The Present is defined by the Past,
the Present defines the future.
Enjoy the Present as it soon becomes the Past.
I write that today for obvious reasons. Right now my mind is flying back 5 years to the day my dad died. As I write this and it hasn't got to the hard part for me, I'm already crying, I'm already wanting to stop. I haven't got near to the end yet.
Dad and I may never have had a really close relationship, but that was to be expected I guess. I was the second child, I wasn't the first born, the one with all the love. As I grew up, things got quite fracious, but never really boiled over. We both deep down loved one another, but neither of us would ever say it to each other. The night before he died, I'd lost a good friend in an arguement, which was something or nothing, I'd told a friend from school that I felt dad was very ill and he wouldn't be around much longer, and what I hadn't realised was I'd spoken to another friend for the last time.
The above took place on a Friday like today, and I was still sort of reeling from losing 1 friend, I was unaware of the second friend and as for my comment about dad, I didn't expect it to haunt me so soon. I can see it clearly as if it was yesterday. My finacial stability was poorer then than now. I had little money and debts building up. I woke up in the morning with no gas in the flat (different to the one right now), so had no heat, or hot water etc. I could only cook using a toasted sandwich maker, which was fine for toast. I'd made toast and a cup of tea for breakfast and sat down in front of my pc.
I know I was in front of my pc, as I was writing my diary entry on my pc, for the previous day, whilst drinking and eating. I had James playing on the cd player, at that point it was there latest cd, "Please to meet you". Then the phone rang from mum, telling me to get to the hospital as dad was very ill. I got dressed, and then ran. I had no car, no bike and no money. The hospital was 2 or 3 miles away up hill, that didn't matter. I ran like the wind, up the hills through the town centre, across bridges to bring me near the hospital. The hospital where I was born no less. I called the hospital to see how he was, fearing the worse, only to be told the same as I was by mum, he's seriously ill, get here asap. I deep down knew then, what the situation was. I stopped at the local sandwich shop to grab a bacon sandwich, I'd hardly eaten the toast at home. Plus I knew someone in there, she'd been with me the night before when I was talking to the old school friend.

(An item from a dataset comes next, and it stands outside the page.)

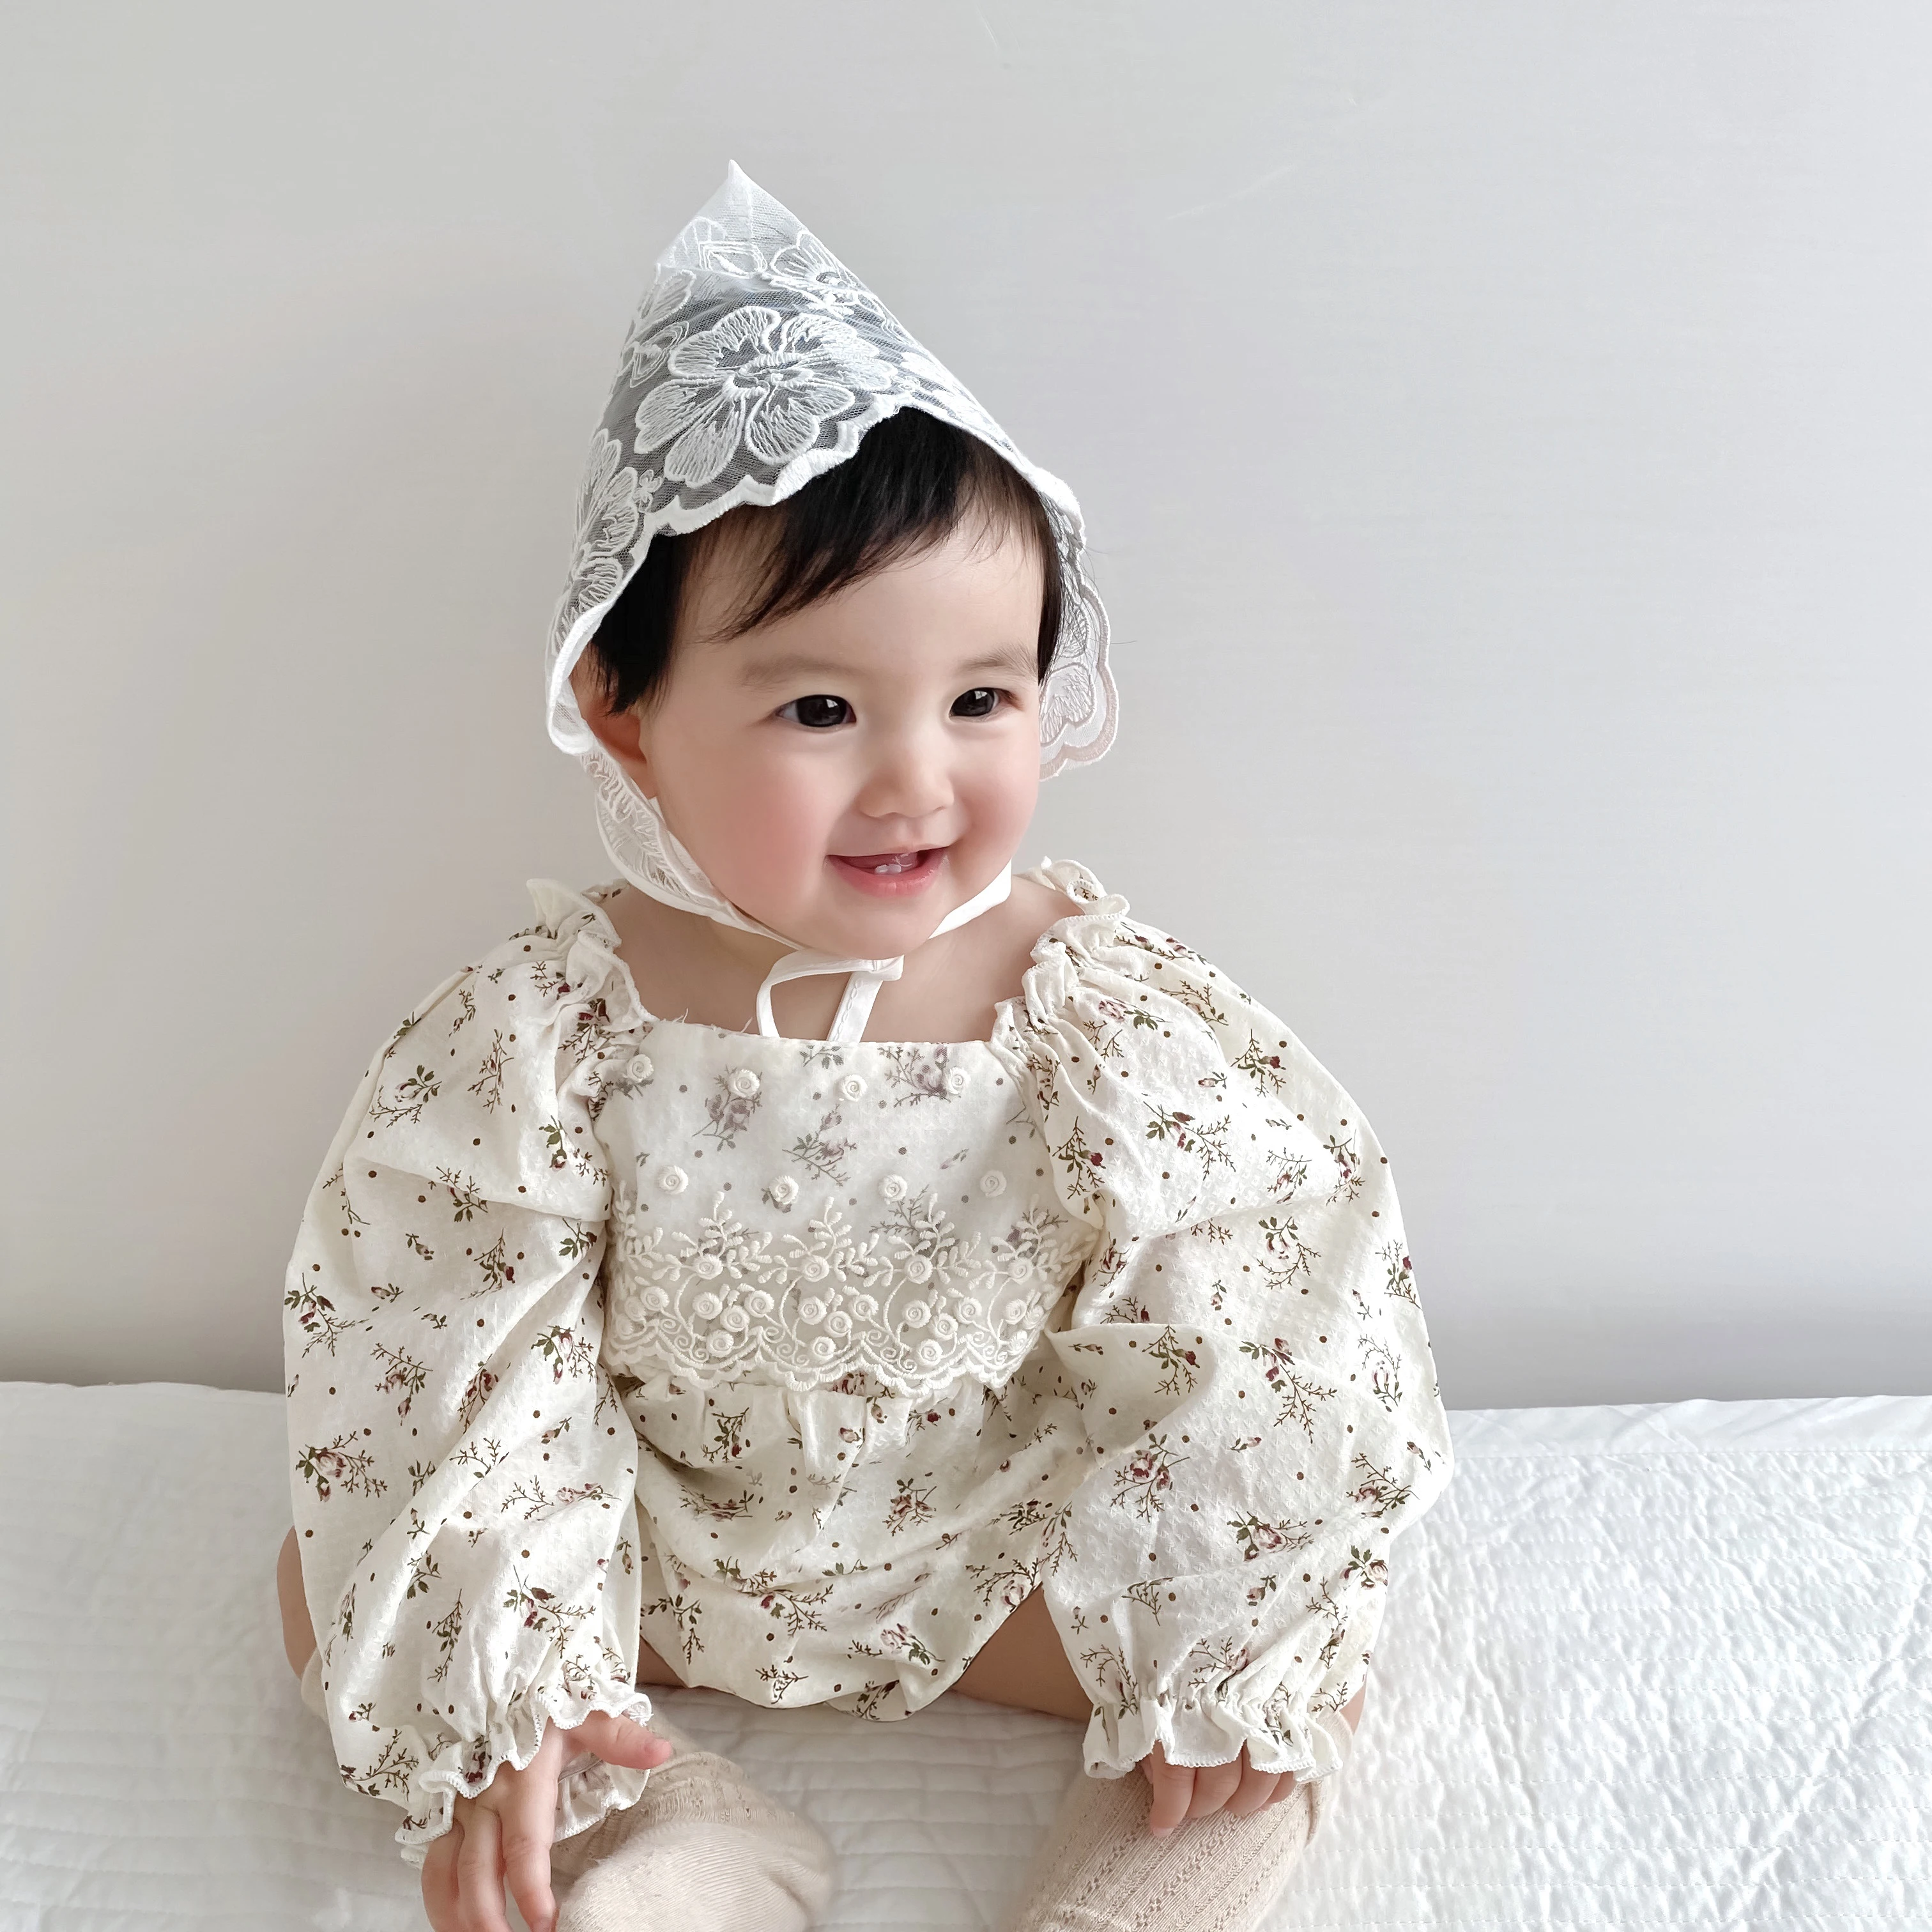 2022 spring and autumn high quality baby clothing newborn baby girl dresses baby Floral romper lace long-sleeved jumpsuit romper

As soon as I got into the hospital or more so onto dad's ward, I saw curtains around 1 bed, always a bad sign, I was sort of hoping it wasn't him, that they were having to "work" on someone else. It was then I was escorted into a room with my mum, to be told the news, the news that forever is branded in my mind. To say that I felt sick, paralysed was an understatement. The rest of that morning was incredibly difficult, and even the afternoon was hard, made slightly easier by me being sent away to a party, where I drank myself silly. The pain still bites me, will always bite me. Five years on, it seems like 25 years to be honest, it's ages since I heard dad's voice, it's ages since we sat down and argued over something or nothing, it's even longer since we went to watch United together, the only thing we shared.
Dad I miss you so much, I loved you so much, I'm sorry for all the pain that I caused, it was never my intention to cause you pain. It isn't yours or mum's fault, it's nature and whilst I'm happy now, things are on the whole easier for me. No longer the moods, no longer the tantrums. I'm at peace right now, and that's something you'd be happy about. Where ever you are dad, keep happy and I'll see you when ever.